◆ TASK OBJECTIVE ◆
For the records below, copy exactly the span that begins at the line containing "Radley Women's Pocket" and stops after the line containing "картинки трактора фенд вам познакомиться", minus any pictures.

:: RAW DATA ::

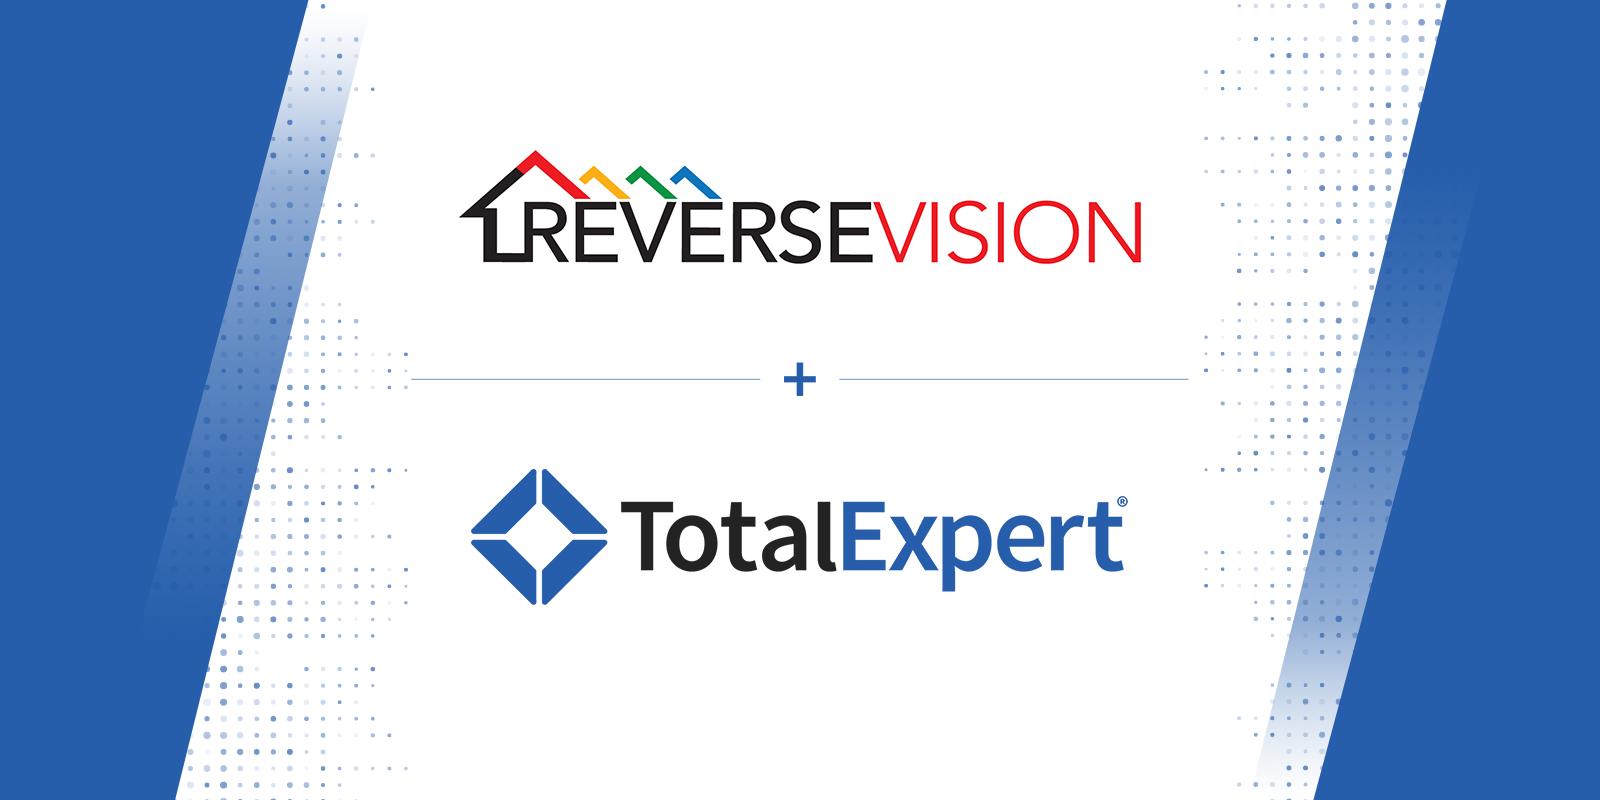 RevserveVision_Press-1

:::
:: RAW DATA ::

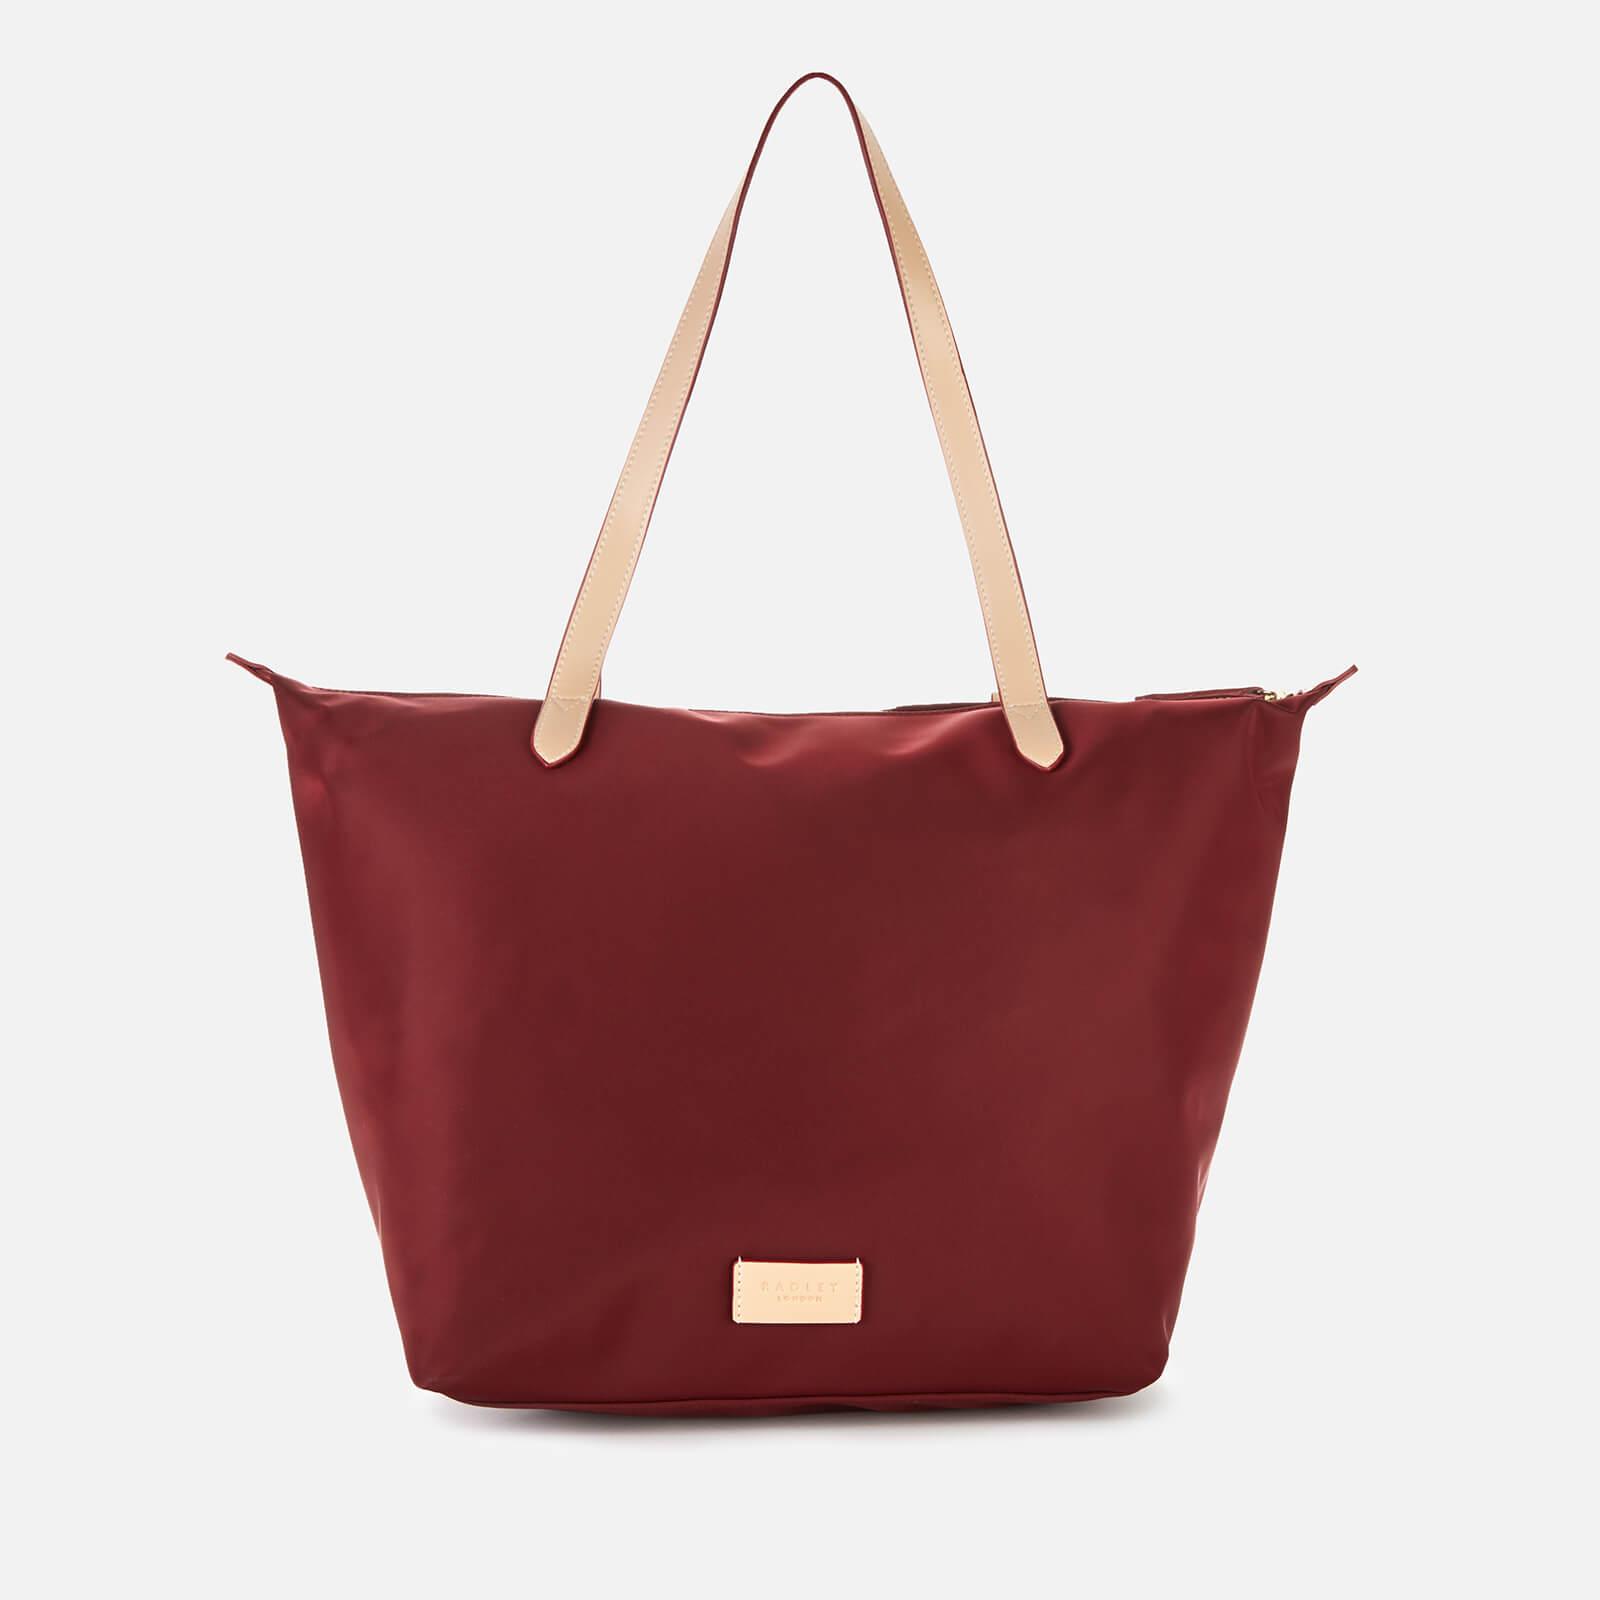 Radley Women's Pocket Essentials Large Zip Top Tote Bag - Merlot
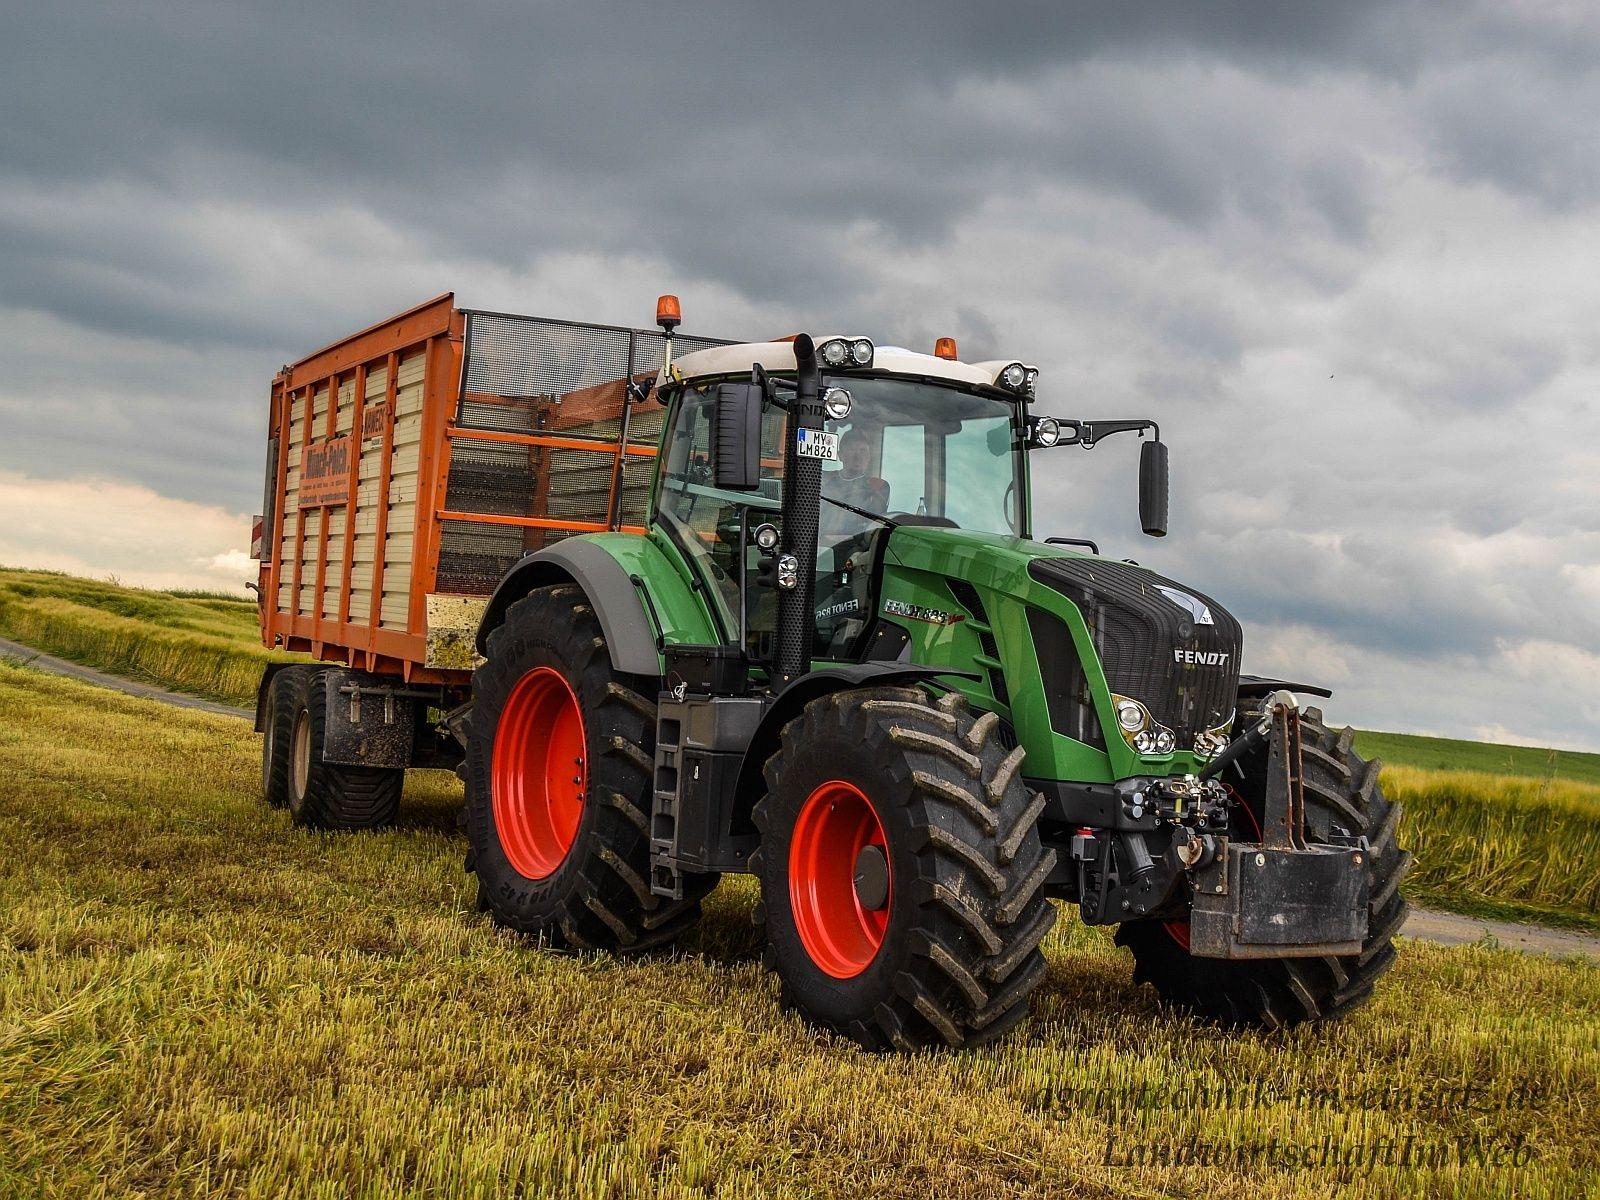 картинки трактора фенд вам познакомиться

:::

◆ ANSWER BOX ◆
 Radley Women's Pocket Essentials Large Zip Top Tote Bag - Merlot
 картинки трактора фенд вам познакомиться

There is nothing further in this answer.